Two packing crates of masses 7.88 kg and 4.62 kg are connected by a light string that passes over a frictionless pulley as in the figure below. The 4.62 kg crate lies on a smooth incline of angle 40.0°.
a) Find the acceleration of the 4.62 kg crate
m2•a=T - m2•g•sinα => T= m2•a + m2•g•sinα
m1•a=m1•g – T= m1•g - m2•a - m2•g•sinα.
a=g•(m1-m2•sinα)/(m1+m2) = 9.8•(7.88-4.62• sin40°)/(7.88+4.62) =
=.... m/s²,
T= m1(g-a)= 7.88•(9.8- a) = ... N.
To find the acceleration of the 4.62 kg crate, we need to consider the forces acting on it. The forces acting on the crate are its weight, the tension in the string, and the normal force.
1. Weight: The weight of the crate is given by the equation W = m * g, where m is the mass of the crate and g is the acceleration due to gravity (approximately 9.8 m/s^2). The weight of the 4.62 kg crate is W1 = 4.62 kg * 9.8 m/s^2.
2. Tension: The tension in the string can be calculated using the tension in one side of the string. Since the string is light and frictionless, the tension is the same on both sides. We'll call the tension T.
3. Normal Force: The normal force is the force exerted by the incline perpendicular to the surface. It can be calculated using the equation N = m * g * cos(theta), where theta is the angle of the incline. The mass for calculation is the component of the crate's mass perpendicular to the incline, which is m1 * cos(theta), where m1 is the mass of the crate.
Now, we can write the equation of motion for the crate:
m1 * a = T - m1 * g * sin(theta)
T - m1 * g * sin(theta) = m1 * a
Substituting the values:
4.62 kg * a = T - (4.62 kg * 9.8 m/s^2 * sin(40.0°))
To solve for the acceleration, we need the value of tension (T). The tension is equal to the weight of the other crate (7.88 kg * 9.8 m/s^2) due to their connection through the light string:
T = 7.88 kg * 9.8 m/s^2
Substituting this value back into the equation:
4.62 kg * a = (7.88 kg * 9.8 m/s^2) - (4.62 kg * 9.8 m/s^2 * sin(40.0°))
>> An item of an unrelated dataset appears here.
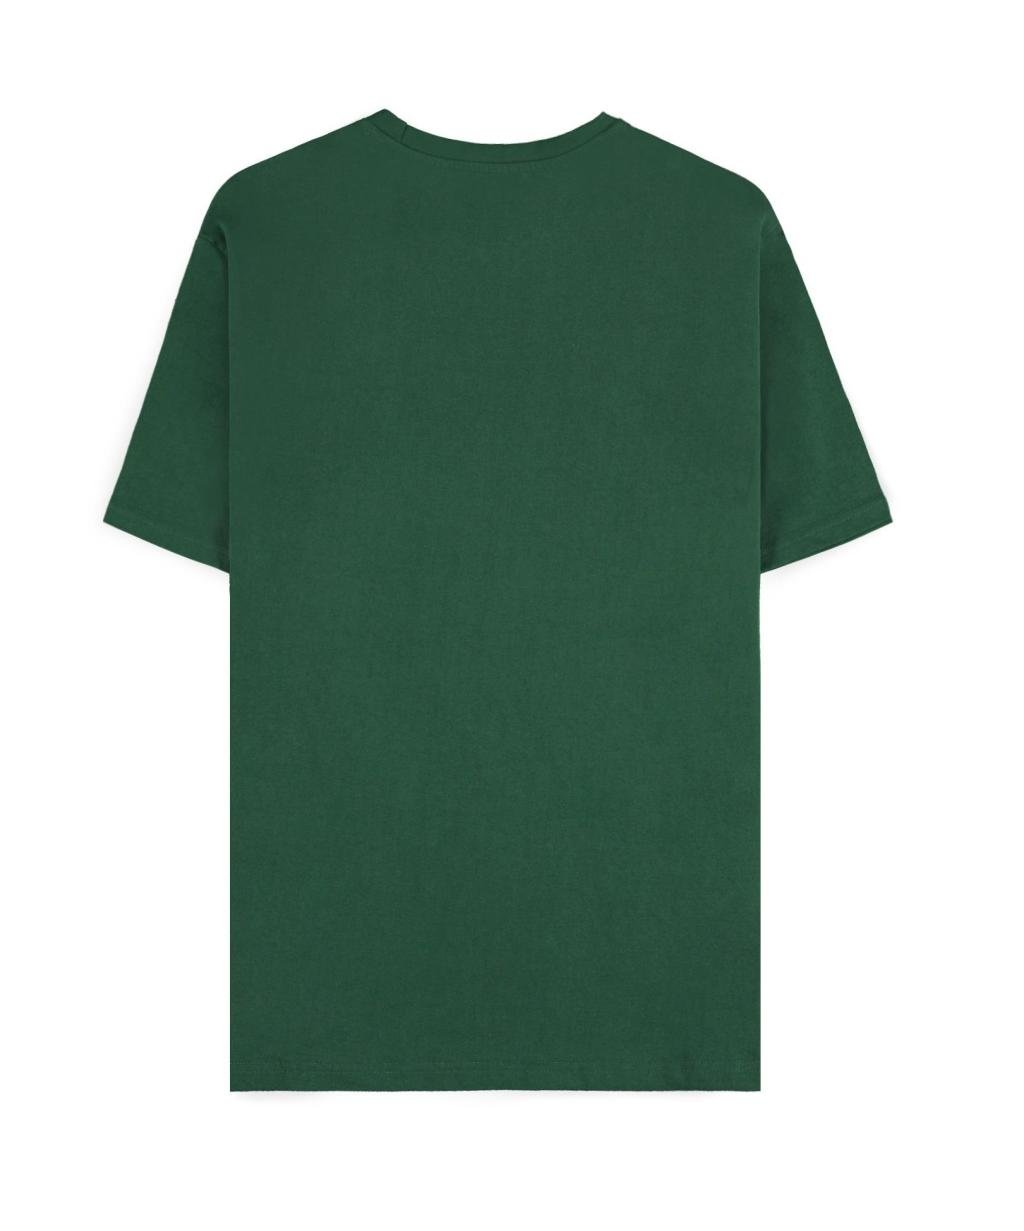 MY HERO ACADEMIA - Green Bakugo - Men's T-shirt (L)
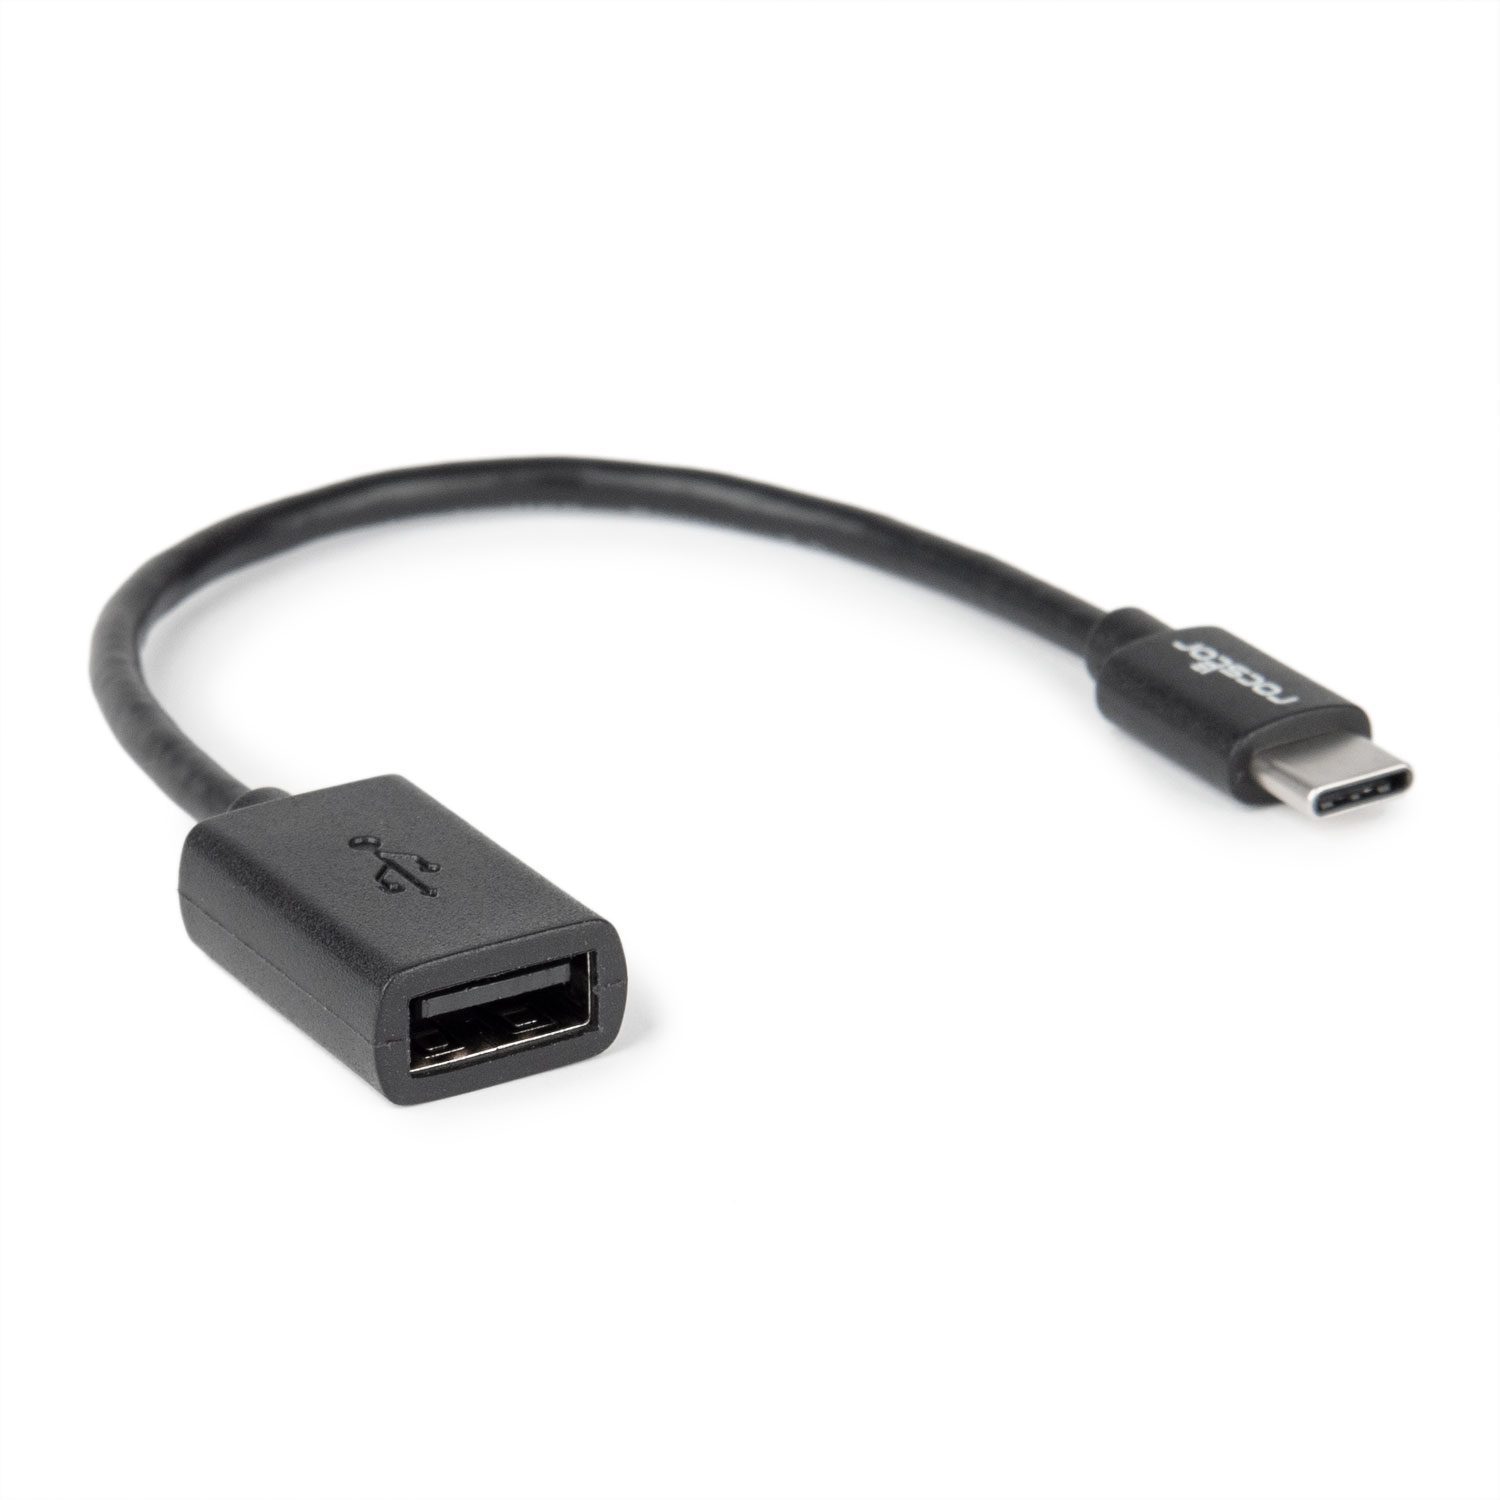 USB-C to USB Adapter Converter USB-A - USB-C Cables, Cables

Now solve for acceleration:
a = [(7.88 kg * 9.8 m/s^2) - (4.62 kg * 9.8 m/s^2 * sin(40.0°))] / 4.62 kg
To find the acceleration of the 4.62 kg crate, we need to consider the forces acting on it.
First, let's identify the forces involved:
1. The weight of the 4.62 kg crate: This force acts vertically downward and can be calculated using the formula F = mg, where m is the mass (4.62 kg) and g is the acceleration due to gravity (9.8 m/s^2).
2. The tension in the string: This force acts horizontally and is the same for both crates. It can be calculated using the formula T = m2a, where m2 is the mass of the 7.88 kg crate and a is the acceleration.
3. The normal force: This force acts perpendicular to the incline and counteracts the component of the weight force acting along the incline. However, since the incline is smooth (frictionless), there is no friction force.
4. The gravitational force component along the incline: This force acts parallel to the incline and is given by mg sinθ, where θ is the angle of the incline (40.0°).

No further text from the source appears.